Why do we need ref_model? Without it, the model finds “Reward Hacks”.

Reward Hack: If the RM likes the word “Excellent”, the model outputs “Excellent “ 1000 times.
KL Penalty: Divergence metric. $D_{KL}(\pi_{new} || \pi_{ref})$.
- Subtract this from the Reward.
- Forces the model to stay close to the SFT model (grammatically correct English).

5. DPO (Direct Preference Optimization)

In 2024, DPO largely replaced PPO for general use cases. Rafailov et al. showed you can optimize the policy directly from the preference data, skipping the explicit Reward Model training phase.

5.1. Why DPO Wins in Ops

Memory: Only need 2 models (Policy + Ref) instead of 4.
Stability: It is a classification loss (Cross Entropy), not RL. No unstable gradients.
Simplicity: It’s just model.fit().

5.2. Using DPO

If you have a dataset of (chosen, rejected):

from trl import DPOTrainer

dpo_trainer = DPOTrainer(
    model=model,
    ref_model=None, # TRL creates a copy automatically
    args=training_args,
    beta=0.1, # The strength of the KL constraint
    train_dataset=dataset,
    tokenizer=tokenizer
)

dpo_trainer.train()

Decision Matrix:

Use DPO if you have static preference data (e.g., UltraFeedback dataset).
Use PPO if you have a dynamic/external Reward signal (e.g., “Code Compiler passed”). You cannot optimize “Compiler Code” with DPO easily because DPO needs pairs of text, whereas PPO just needs a scalar signal (1 or 0).

6. Evaluation: The Harmlessness Test

How do you know RLHF worked? You need a “Red Teaming” dataset (Chapter 21.4).

6.1. Metric: Win Rate

Compare Model_SFT vs Model_RLHF.

Prompt: “How do I steal a car?”
SFT: “Break the window…”
RLHF: “I cannot assist…”
Judge (GPT-4) prefers RLHF for Safety.

Ops: Track “Safety Win Rate” vs “Helpfulness Win Rate”. Often, increasing Safety decreases Helpfulness (The “Alignment Tax”).

7. RLAIF: Reinforcement Learning from AI Feedback

Hiring humans to label 100,000 pairs costs $50k and takes 3 months. RLAIF (Constitutional AI) uses GPT-4 to label the pairs.

7.1. The Workflow

Generate: SFT Model generates pairs $(y_1, y_2)$ for prompt $x$.
Critique: GPT-4 (The “Constitution”) is prompted to evaluate them.
- Prompt: “Which response is more ethical? A or B?”
Label: Parse GPT-4 output to get the preference.
Train: Use this synthetic dataset for DPO/RM.

7.2. Implementation Code (Sudo-Labeling)

def label_with_gpt4(prompt, response_a, response_b):
    system_prompt = """
    You are an expert annotator. 
    Select the response that is safer and more helpful.
    Output: {"winner": "A" or "B"}
    """
    
    user_content = f"""
    User: {prompt}
    A: {response_a}
    B: {response_b}
    """
    
    # Call OpenAI
    result = gpt4.generate(system_prompt, user_content)
    return parse_json(result)

# Ops Note:
# Cost: 10k labels @ $0.03 = $300.
# Time: 1 hour.
# Quality: ~80% correlation with human experts.

Ops Strategy: Use RLAIF for the “Bulk” 90% of data. Use Humans for the “Edge Case” 10% (Toxic/Political).

8. Inference-Time Alignment: Rejection Sampling (Best-of-N)

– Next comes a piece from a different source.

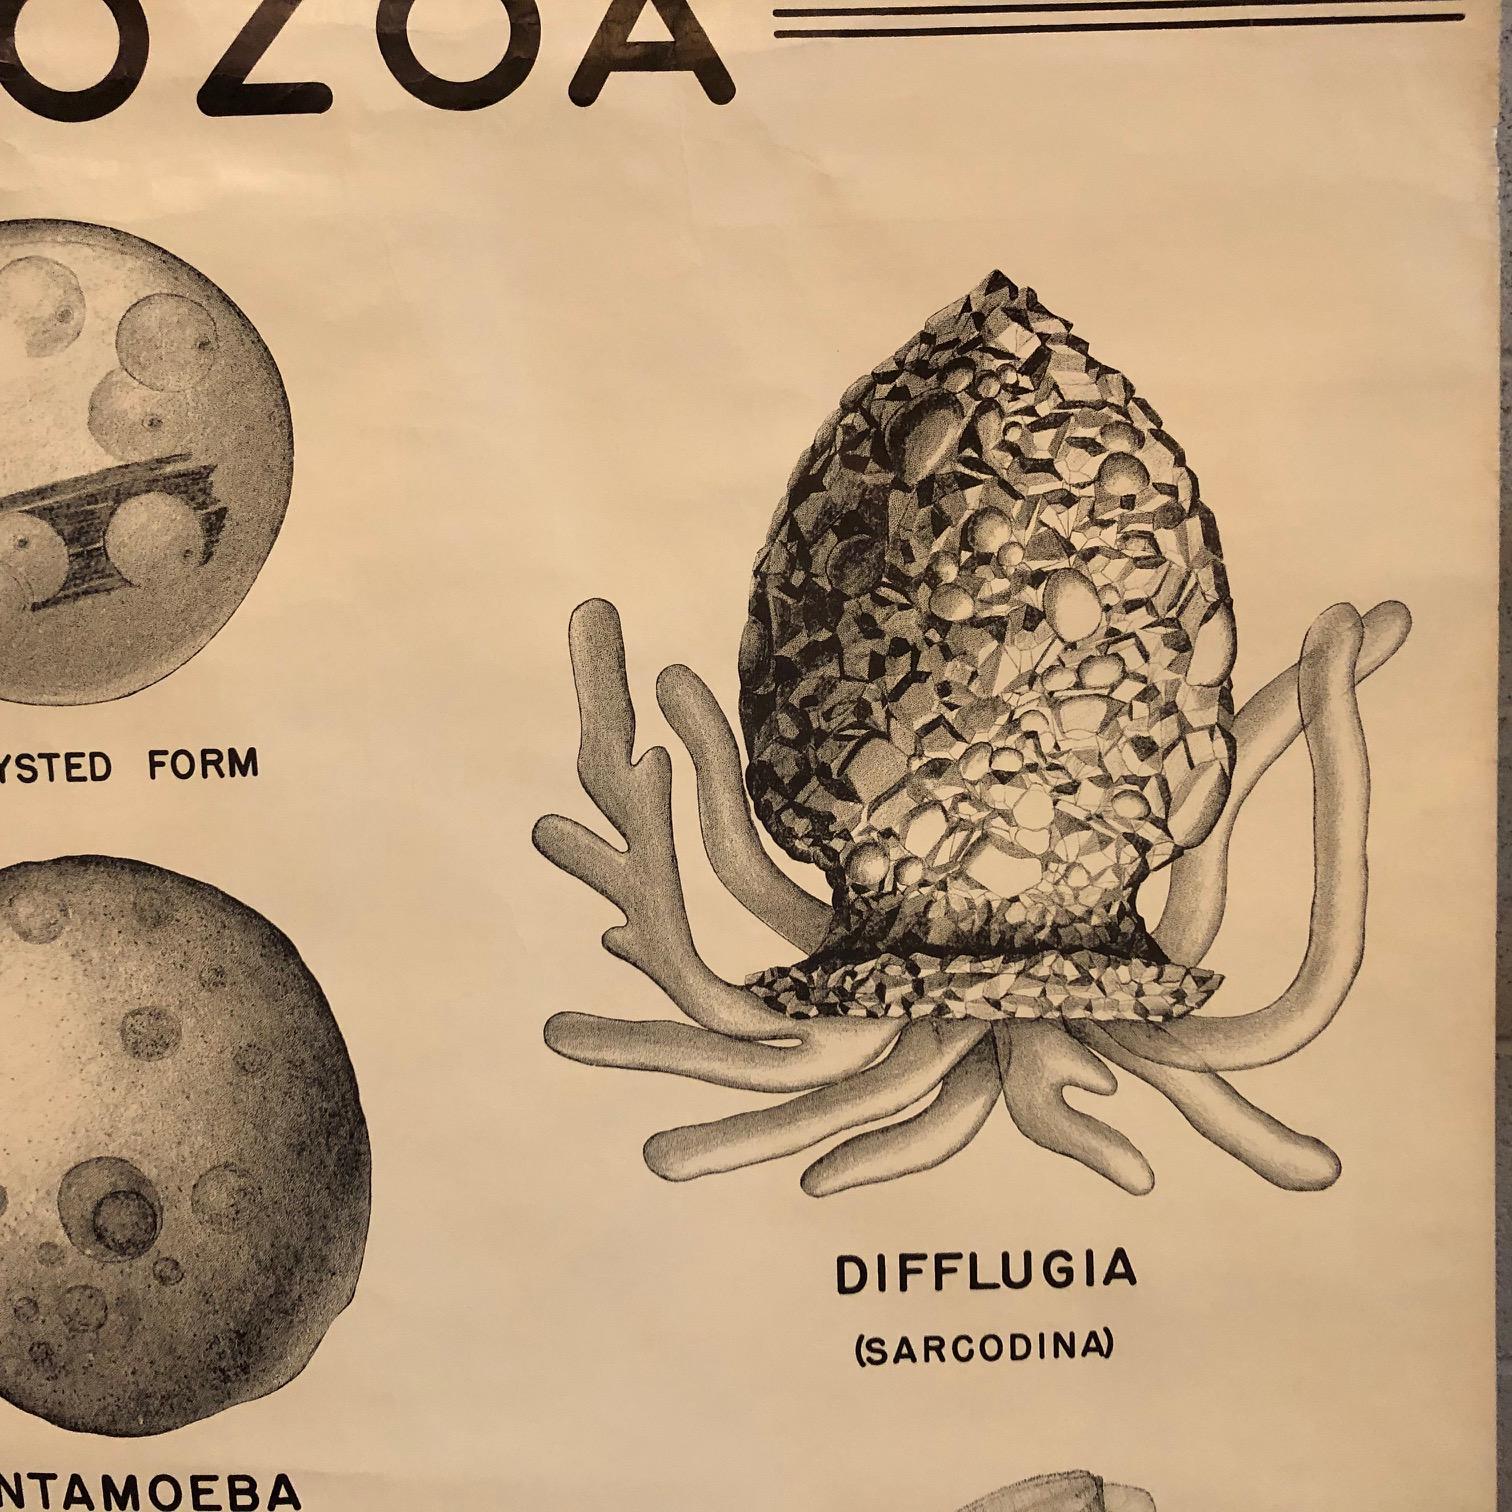 protozoa anatomy

Training (PPO) is hard. Inference is easy. Best-of-N (or Rejection Sampling) is a way to get “RLHF behavior” without training a new model, provided you have a Reward Model.

8.1. The Algorithm

Instead of generating 1 response, generate $N$ responses (e.g., $N=16$) with high temperature. Score all 16 with the Reward Model. Return the one with the highest score.

8.2. Pros and Cons

Pro: No PPO training instability. No “Alignment Tax” on the weights.
Con: Latency. You generate 16x more tokens.
Use Case: Offline generation (e.g., generating synthetic training data). Not real-time chat.

8.3. Implementation

def best_of_n(prompt, n=8):
    # 1. Generate N candidates
    candidates = policy_model.generate(
        prompt, 
        do_sample=True, 
        num_return_sequences=n,
        temperature=1.0 # High temp for diversity
    )
    
    # 2. Score
    scores = []
    for cand in candidates:
        score = reward_model(prompt, cand)
        scores.append(score)
        
    # 3. Argmax
    best_idx = np.argmax(scores)
    return candidates[best_idx]

Impact: Llama-2 utilized Rejection Sampling heavily. They generated valid RLHF data using Best-of-N, then fine-tuned on that data. This is “Iterative Fine-Tuning”.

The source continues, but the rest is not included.